Nets GM: 'It was just time' for D-Will to depart
LAS VEGAS — Brooklyn Nets general manager Billy King on Saturday said “it was just time” for point guard Deron Williams to depart after more than four seasons with the team.
“I think we both made it work — tried to make it work — I think we had some great moments with him,” King said, speaking prior to the Nets’ summer league game in Las Vegas.
Brooklyn will buy out the remaining $43 million on Williams’ contract for $27.5 million, with payments to him spread over the next five seasons, as first reported by NBA.com on Friday. Once Williams clears waivers, he’ll sign a two-year contract with the Dallas Mavericks worth approximately $10 million, sources told ESPN.com’s Marc Stein. The money Williams earns from Dallas would be on top of what Brooklyn owes him as part of the split.
Both King and Nets coach Lionel Hollins dismissed reports that the parting was related to a rocky relationship or confrontation between point guard and coach.
“You do not coach in the NBA and have confrontation,” Hollins said. “If you don’t have confrontation, but you’re trying to impose your will on players to do what is best for the team, and a lot of the time players have their own mindset of what’s best for them. And so ‘clash’ is a wrong word, and if people think Deron Williams was let go because something happened between us, then I should have let Zach Randolph go, I should have let Tony Allen go, I should have let Marc Gasol go, I should have let Rudy Gay go.”
By buying Williams out and stretching the $27.5 million over five years, the Nets will fall below the luxury tax line and avoid paying the progressive “repeater tax,” a decisive factor in the Nets’ decision to cut ties with Wiliams.
“We wouldn’t have done this if we didn’t get under the tax,” King said. “It wasn’t a mandate. It was just something that I felt — the goal.

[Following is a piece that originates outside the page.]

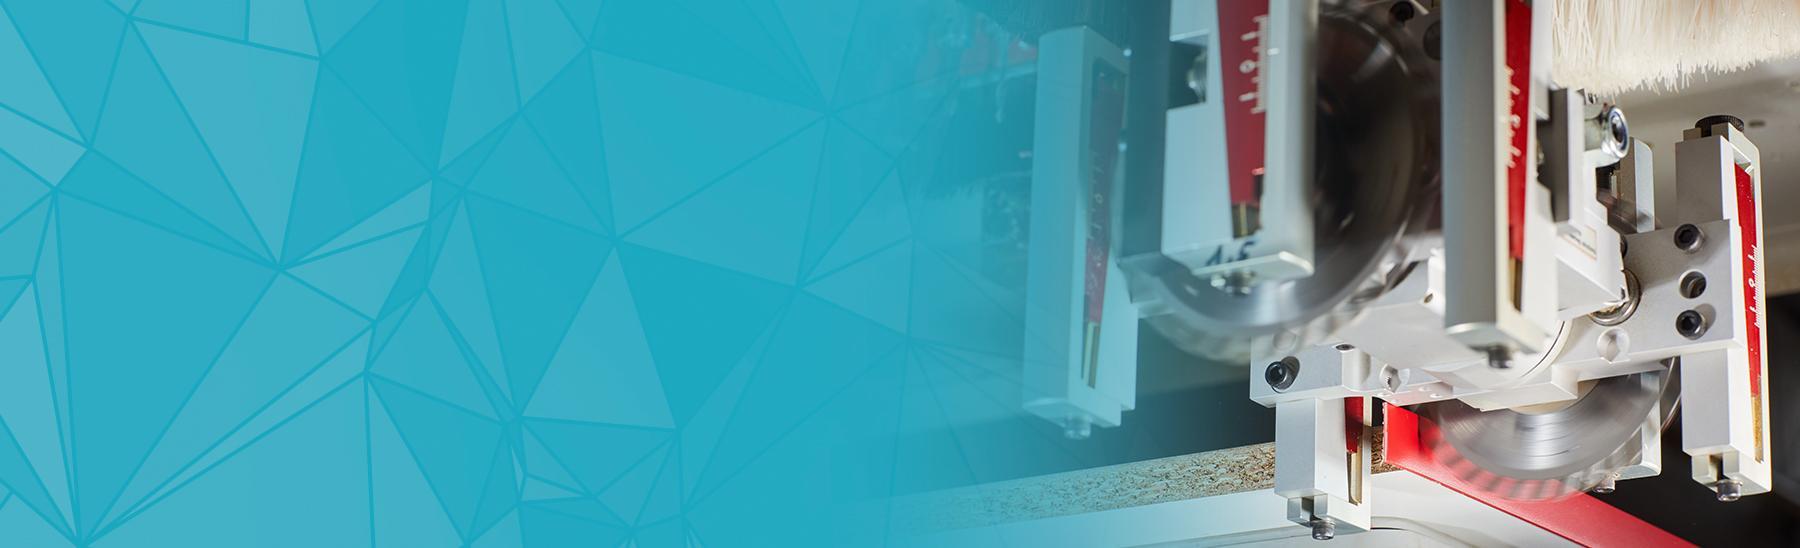 Key-Visual Magna Expo Mueblera Industrial 2019

If we’re going to be championship-level, there’s no need to be a taxpayer.”
The move will also give Brooklyn ample salary-cap room following the 2015-16 season as they try to reboot following several seasons of exorbitant spending, yet advancing no further than the second round of the postseason.
“I think we were being realistic and said, ‘OK. We’re not where we wanted to be, so now we reshuffle the deck, we have a great chance to create a lot of cap space for next year,” King said. “We’re able to retain some young players. We kept some of the core together and added some new athleticism, so I think we’re headed in that direction.”
“And so ‘clash’ is a wrong word, and if people think Deron Williams was let go because something happened between us, then I should have let Zach Randolph go, I should have let Tony Allen go, I should have let Marc Gasol go, I should have let Rudy Gay go.”
Nets coach Lionel Hollins
Brooklyn’s attempts to trade Williams went nowhere, with a limited trade market seemingly getting thinner. The Sacramento Kings pondered trading for Williams last season, but it’s believed the Kings were no longer interested after striking a one-year, $9.5 million deal in free agency with Rajon Rondo.
The Mavericks, sources told Marc Stein, did not pursue a trade for Williams because of the salary-cap space such a move would eat up.
Williams’ departure leaves the Nets thin at point guard, a hole King said will be filled “by committee.” The Nets currently have veterans Jarrett Jack and Steve Blake, as well as Shane Larkin.
Though he was doggedly pursued as a prize free agent in the 2012 offseason when the Nets re-signed him to a five year, $98.7 million contract, Williams was beset by injuries and inconsistent play during his tenure with the team. He averaged 16.6 points, 7.5 assists and 3.2 rebounds per game with a true shooting percentage of 54.0 with Brooklyn and New Jersey.
“We’re going to lose a lot in Deron as a player, but it’s going to be a good move for him, going back home with his family, and it’s a different — maybe it is a fresh start,” Hollins said. “But it’s a different look from being in New York for all this time, with the expectations and the team not reaching some of the potential everybody expected it to be. So it works out for both. We probably get a little bit shorter end of the stick just because of his talent, but he hadn’t reached the level people expected him to in New York, and with everything that had gone on, I don’t know if he would have, but it’s probably for the best for both parties.”